## DATA PROVIDED
□ □ □ □ □ □ □
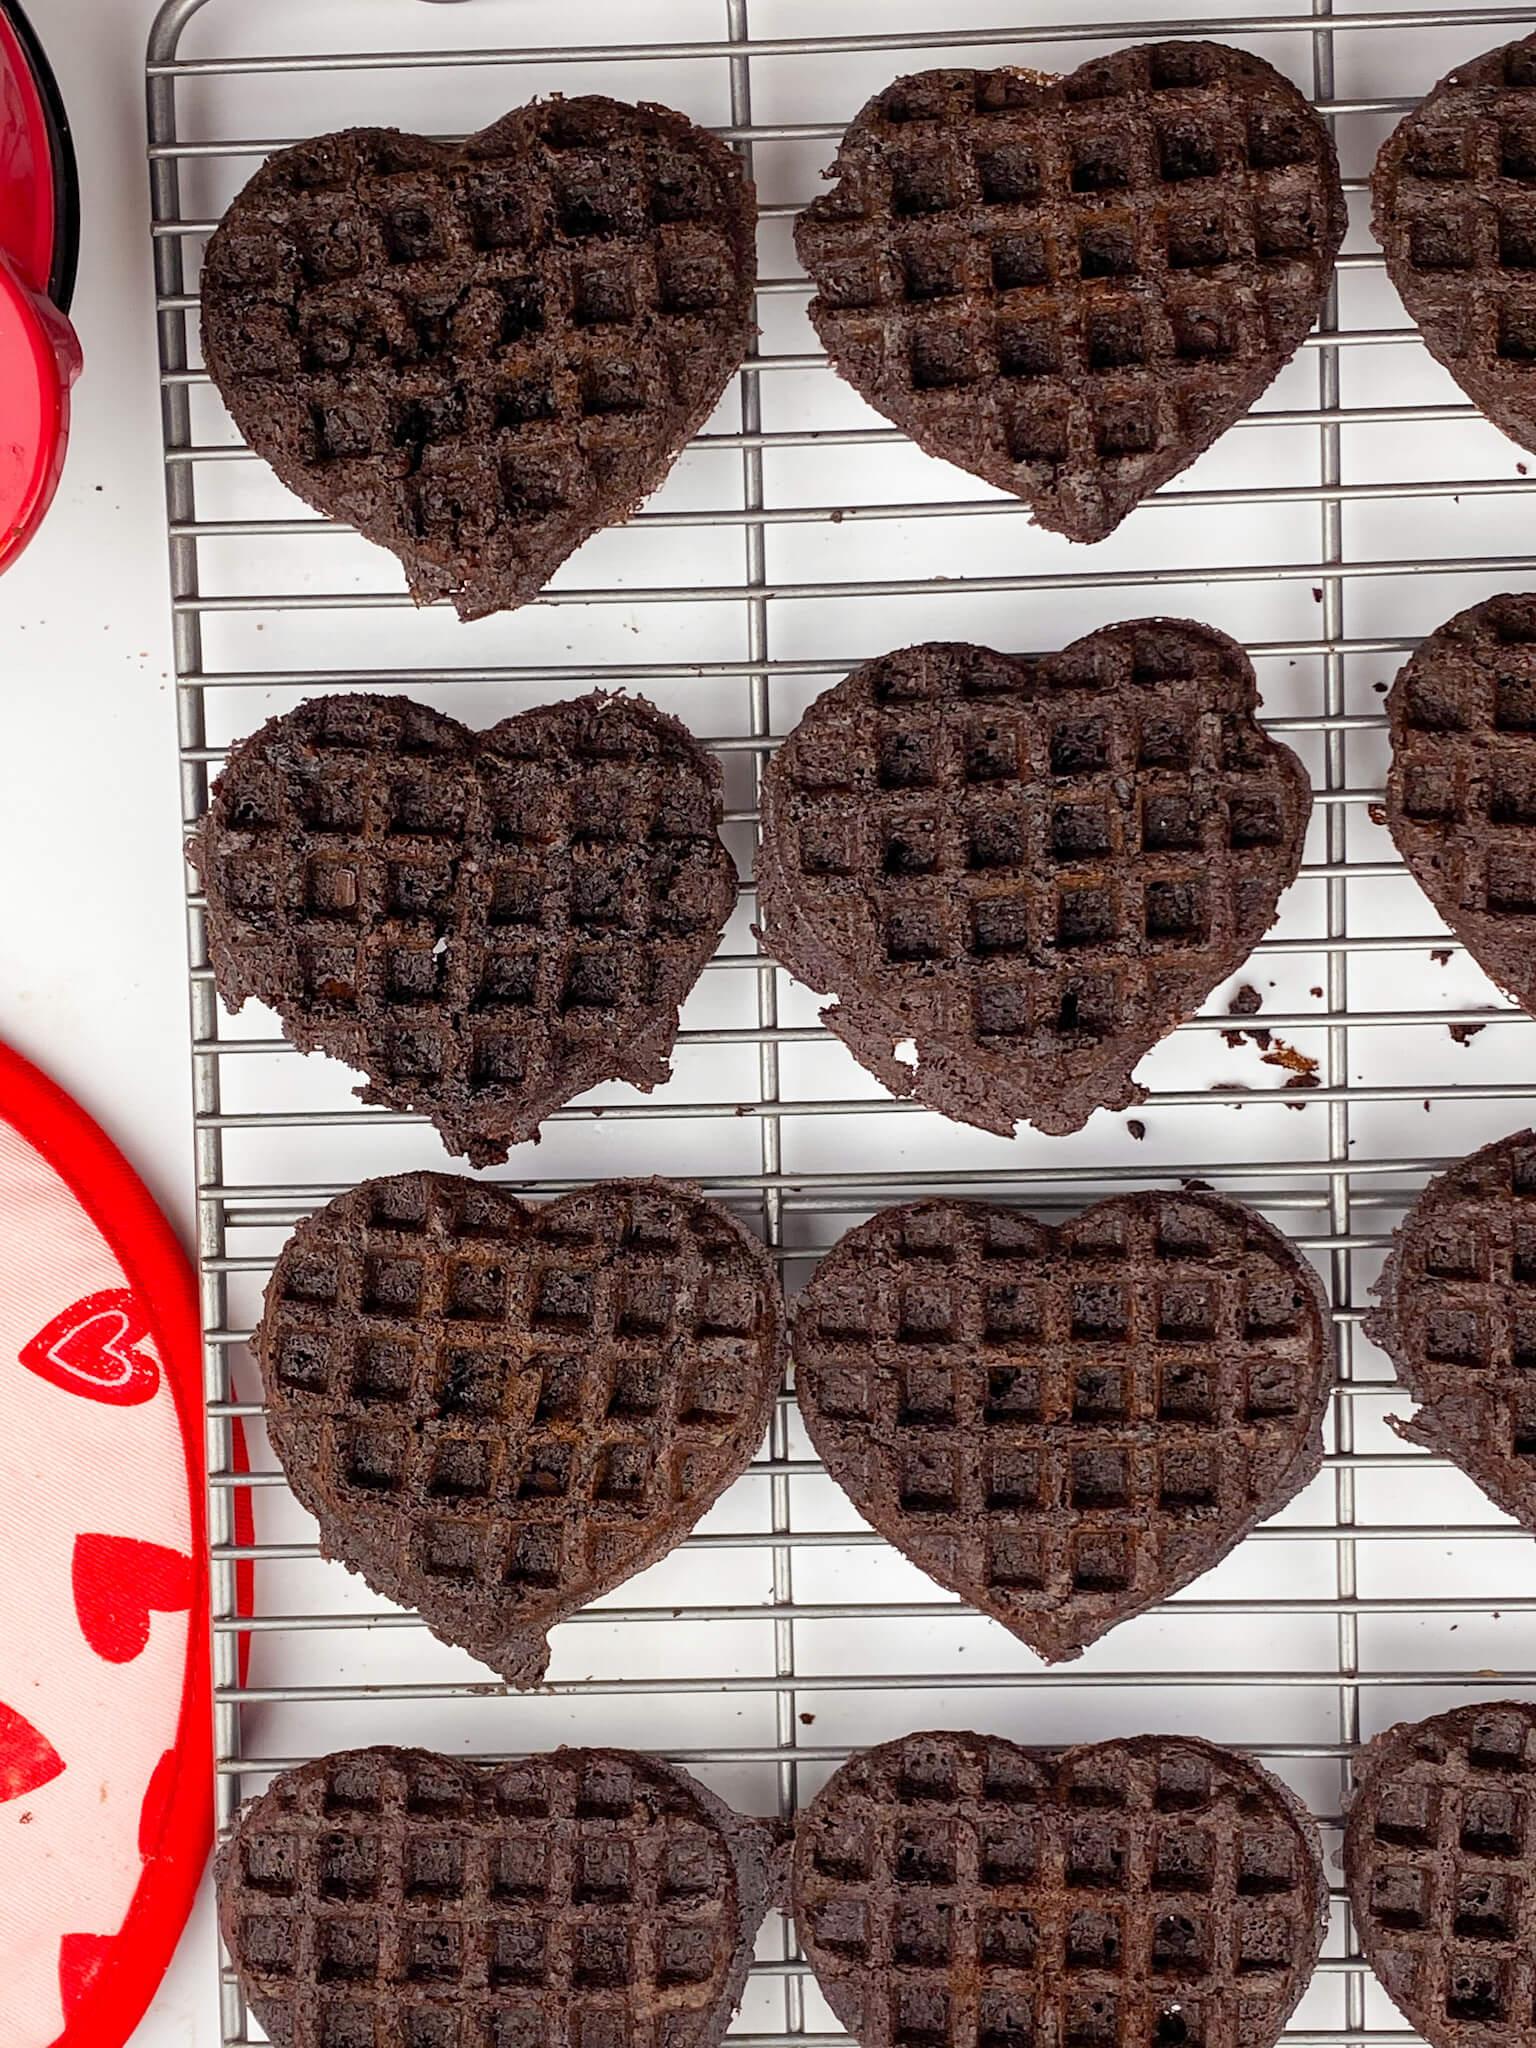 Kate's Safe & Sweet - Brownie Waffles on Rack
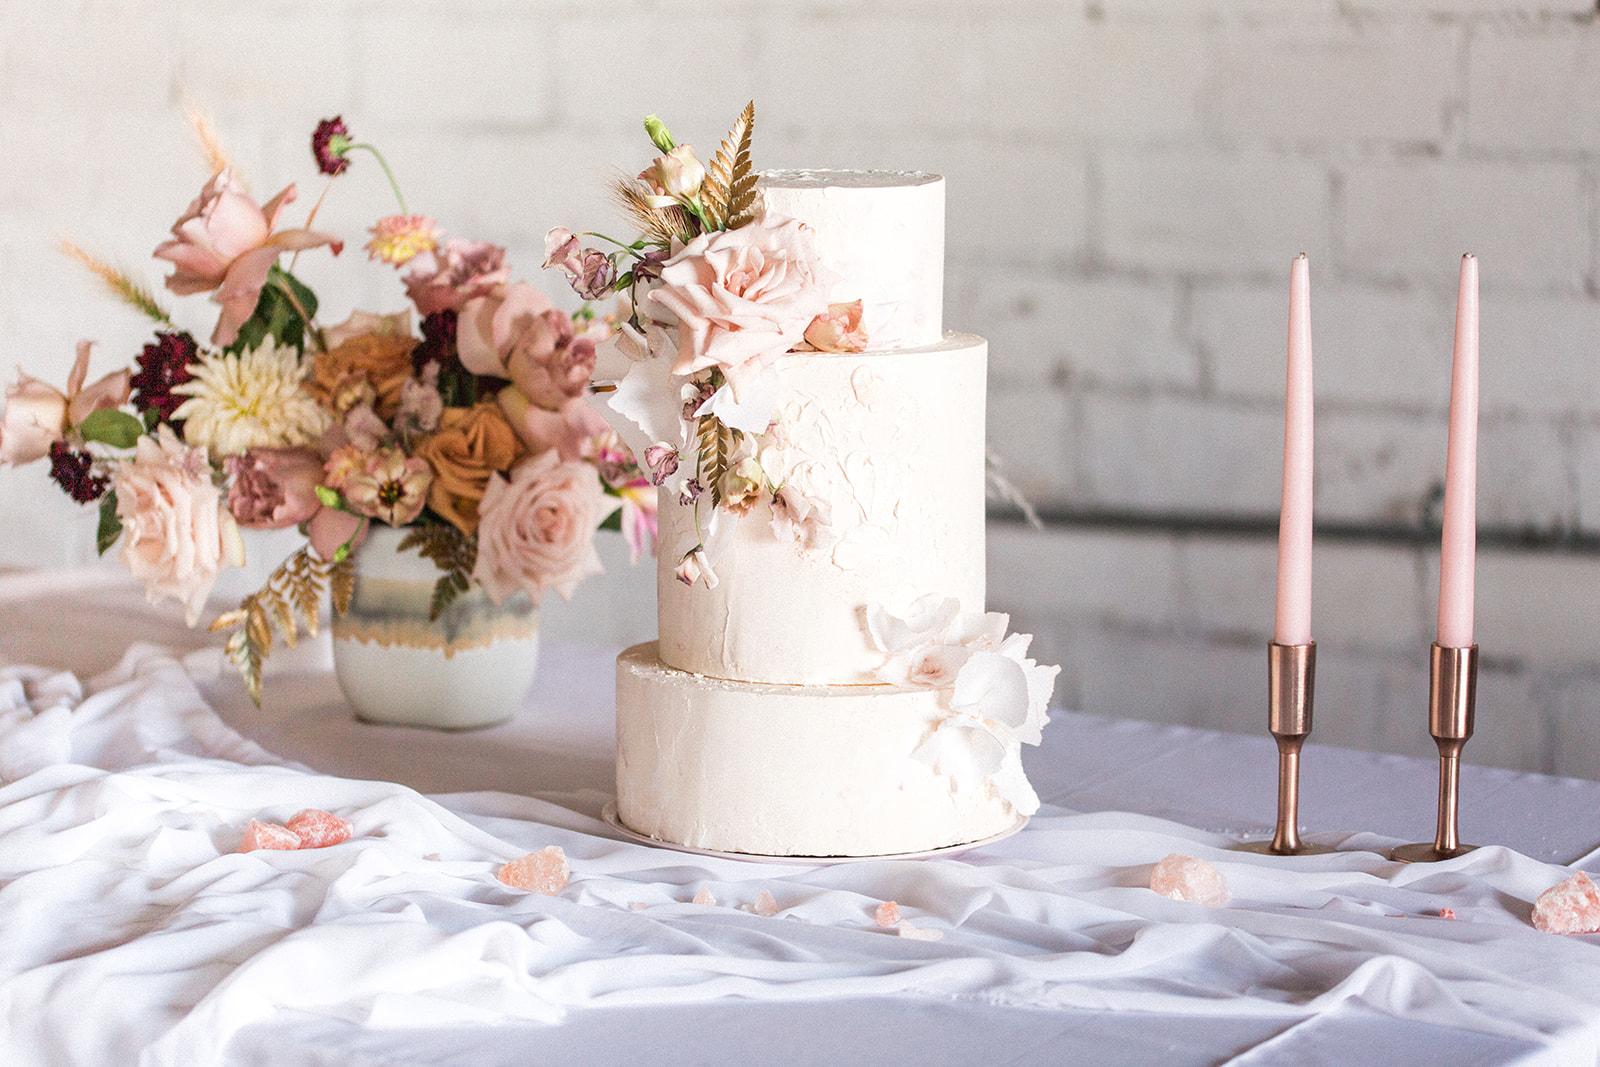 Fine art wedding cake design: Fall Garden Wedding featured on Alexa Kay Events
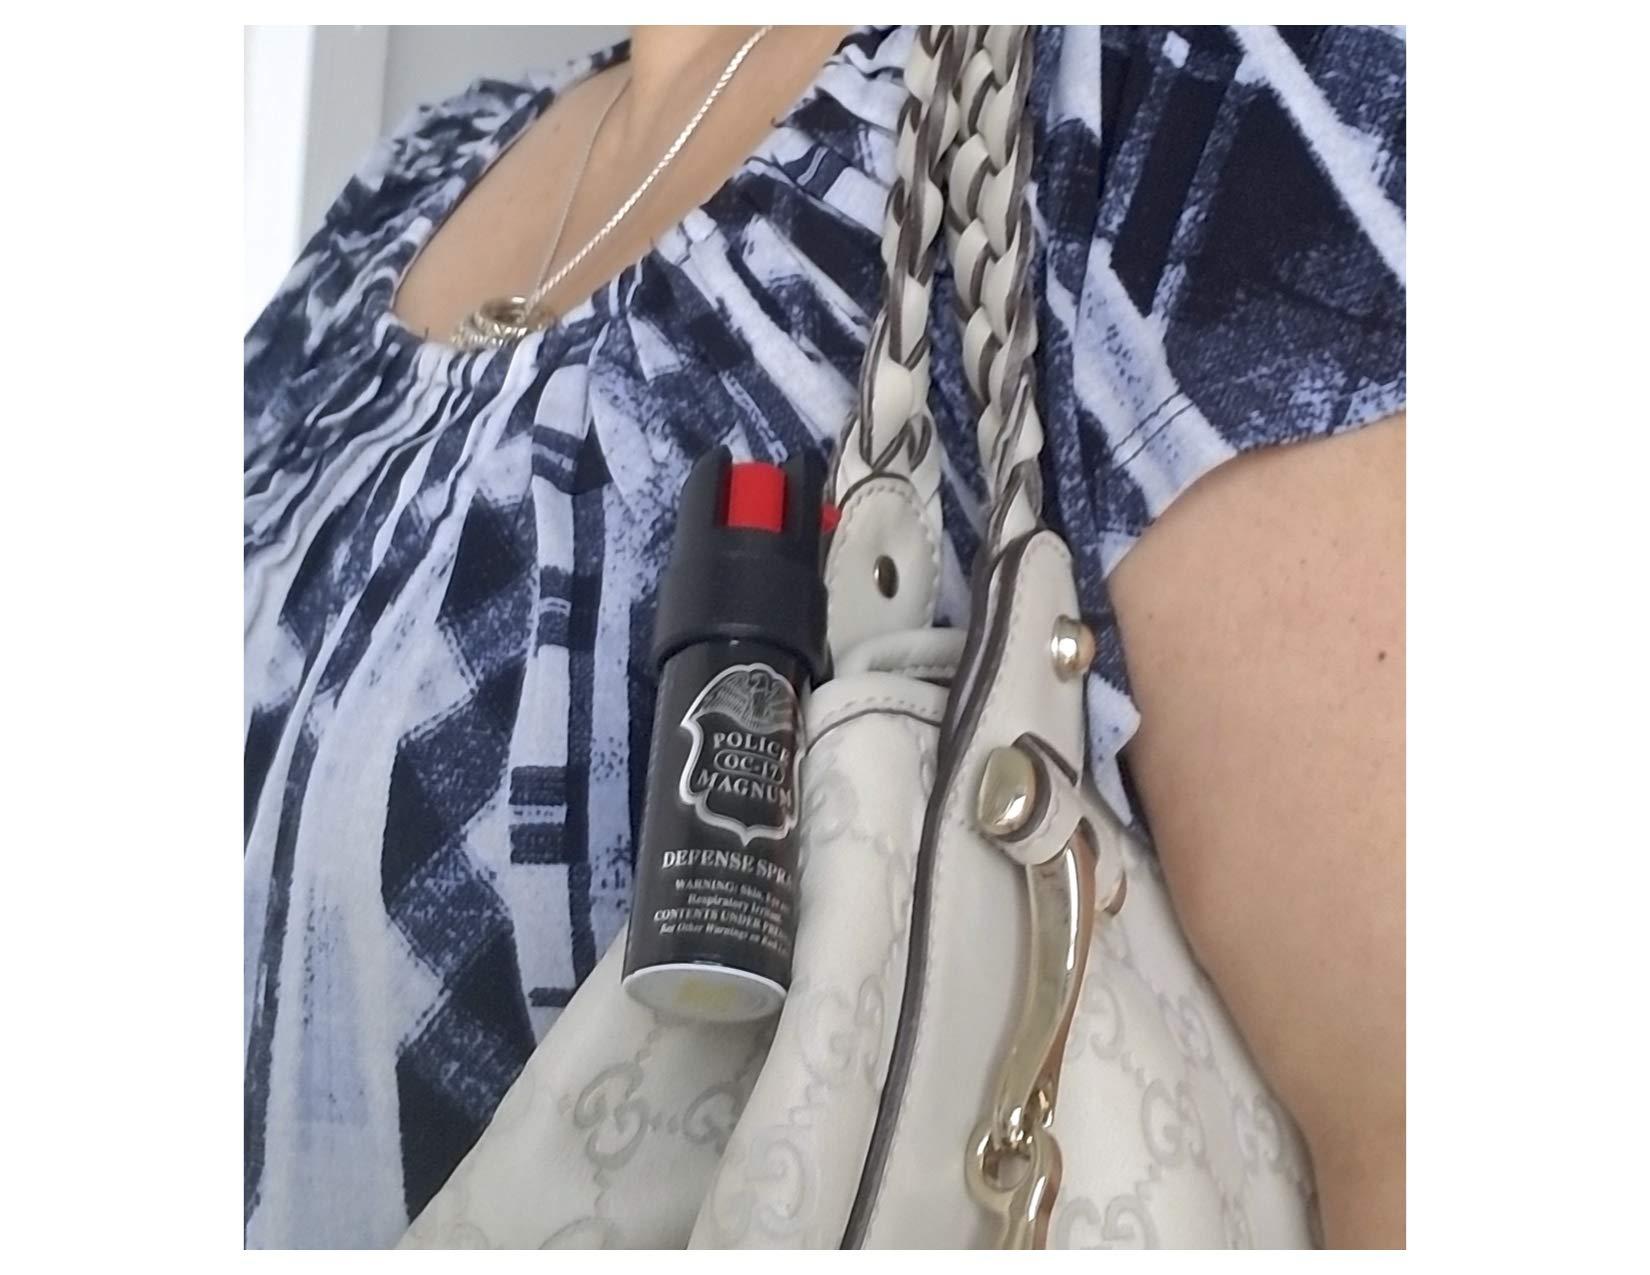 POLICE MAGNUM Pepper Spray Police Strength Self Defense OC Black Pepper Spray Set 6 Pack 0.5 oz Twist Top Pocket Clip UV Identifying Dye - Pepper Sprays Self Defense for Women Multiple Blasts 12ft by POLICE MAGNUM
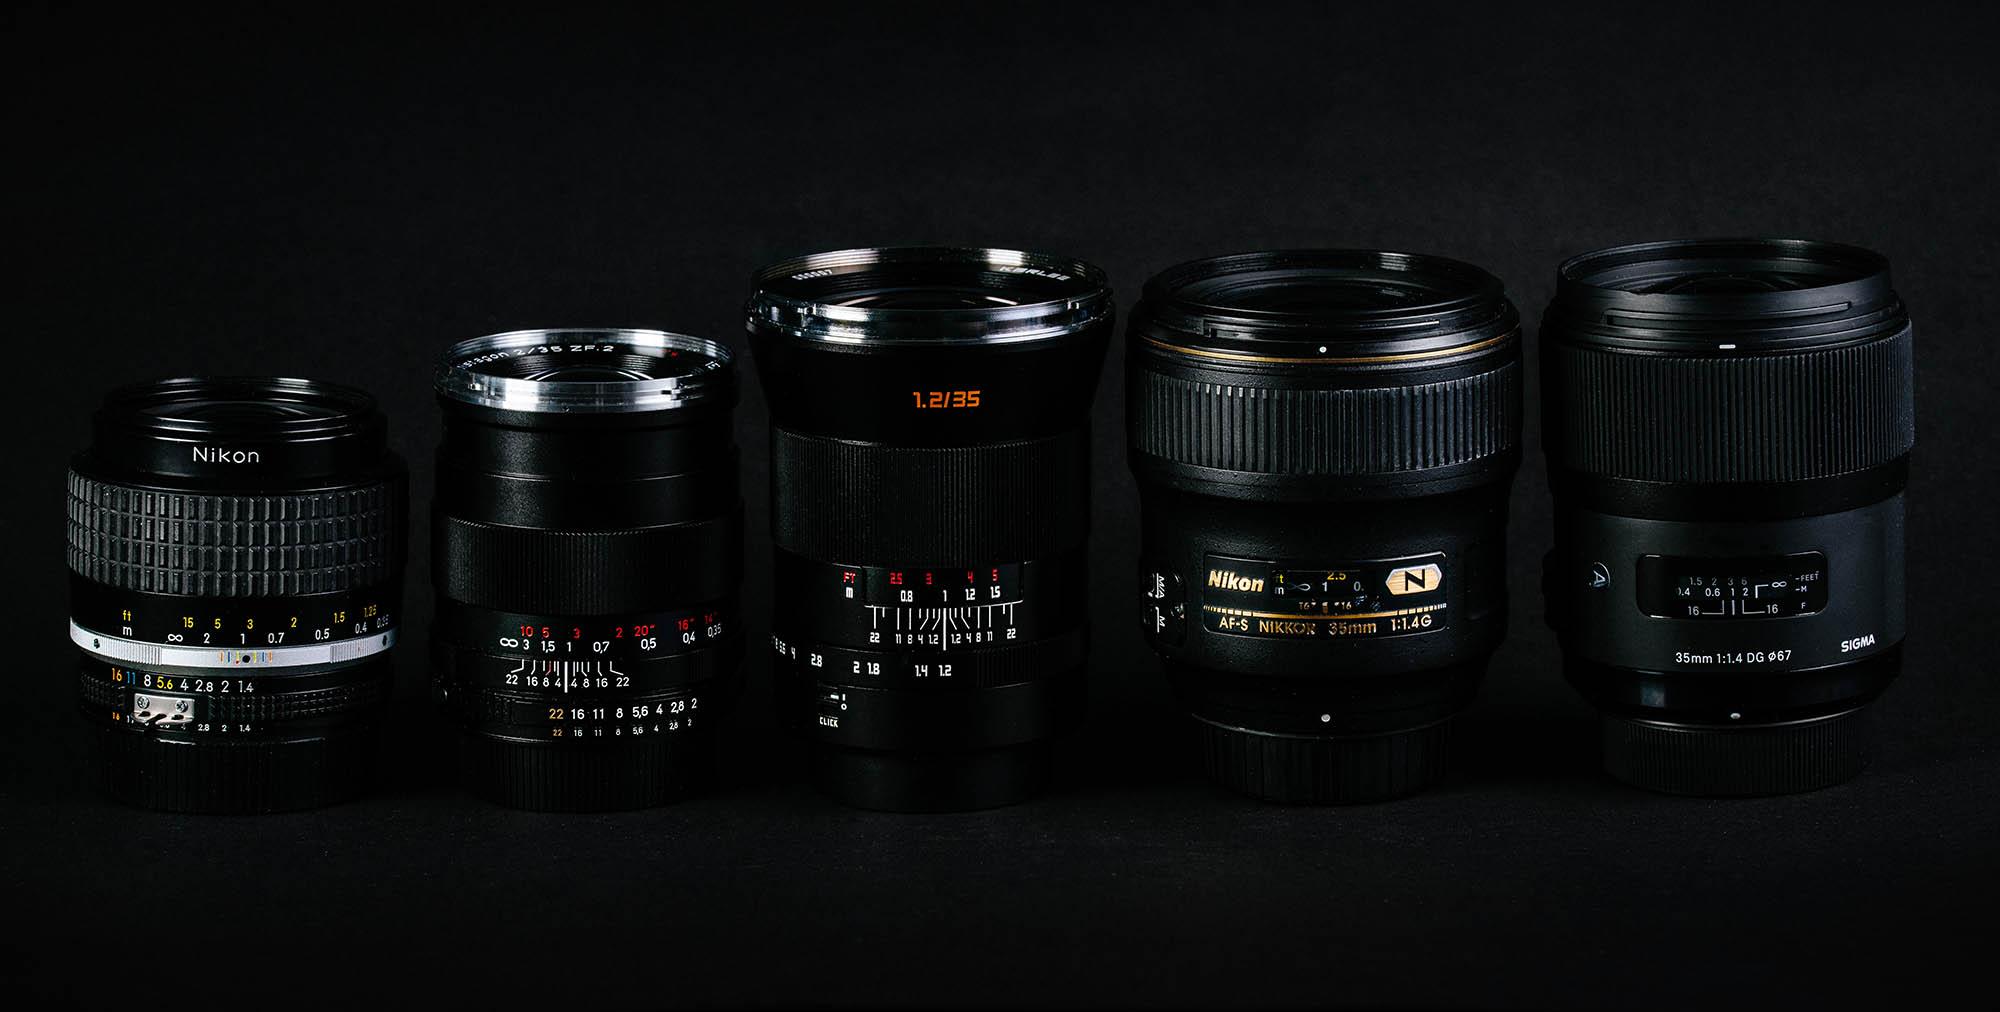 Lens Reviews Page 2 Review By Richard Petzval 85 F 22 Bokeh Control Brass 35mm Prime Shootout
□ □ □ □ □ □ □
## EXERCISE DIRECTIONS
Lines from the one containing "Fine art wedding" through the end of the material above must be reproduced exactly; pictures must not be.

## ANSWER SPACE
 Fine art wedding cake design: Fall Garden Wedding featured on Alexa Kay Events
 POLICE MAGNUM Pepper Spray Police Strength Self Defense OC Black Pepper Spray Set 6 Pack 0.5 oz Twist Top Pocket Clip UV Identifying Dye - Pepper Sprays Self Defense for Women Multiple Blasts 12ft by POLICE MAGNUM
 Lens Reviews Page 2 Review By Richard Petzval 85 F 22 Bokeh Control Brass 35mm Prime Shootout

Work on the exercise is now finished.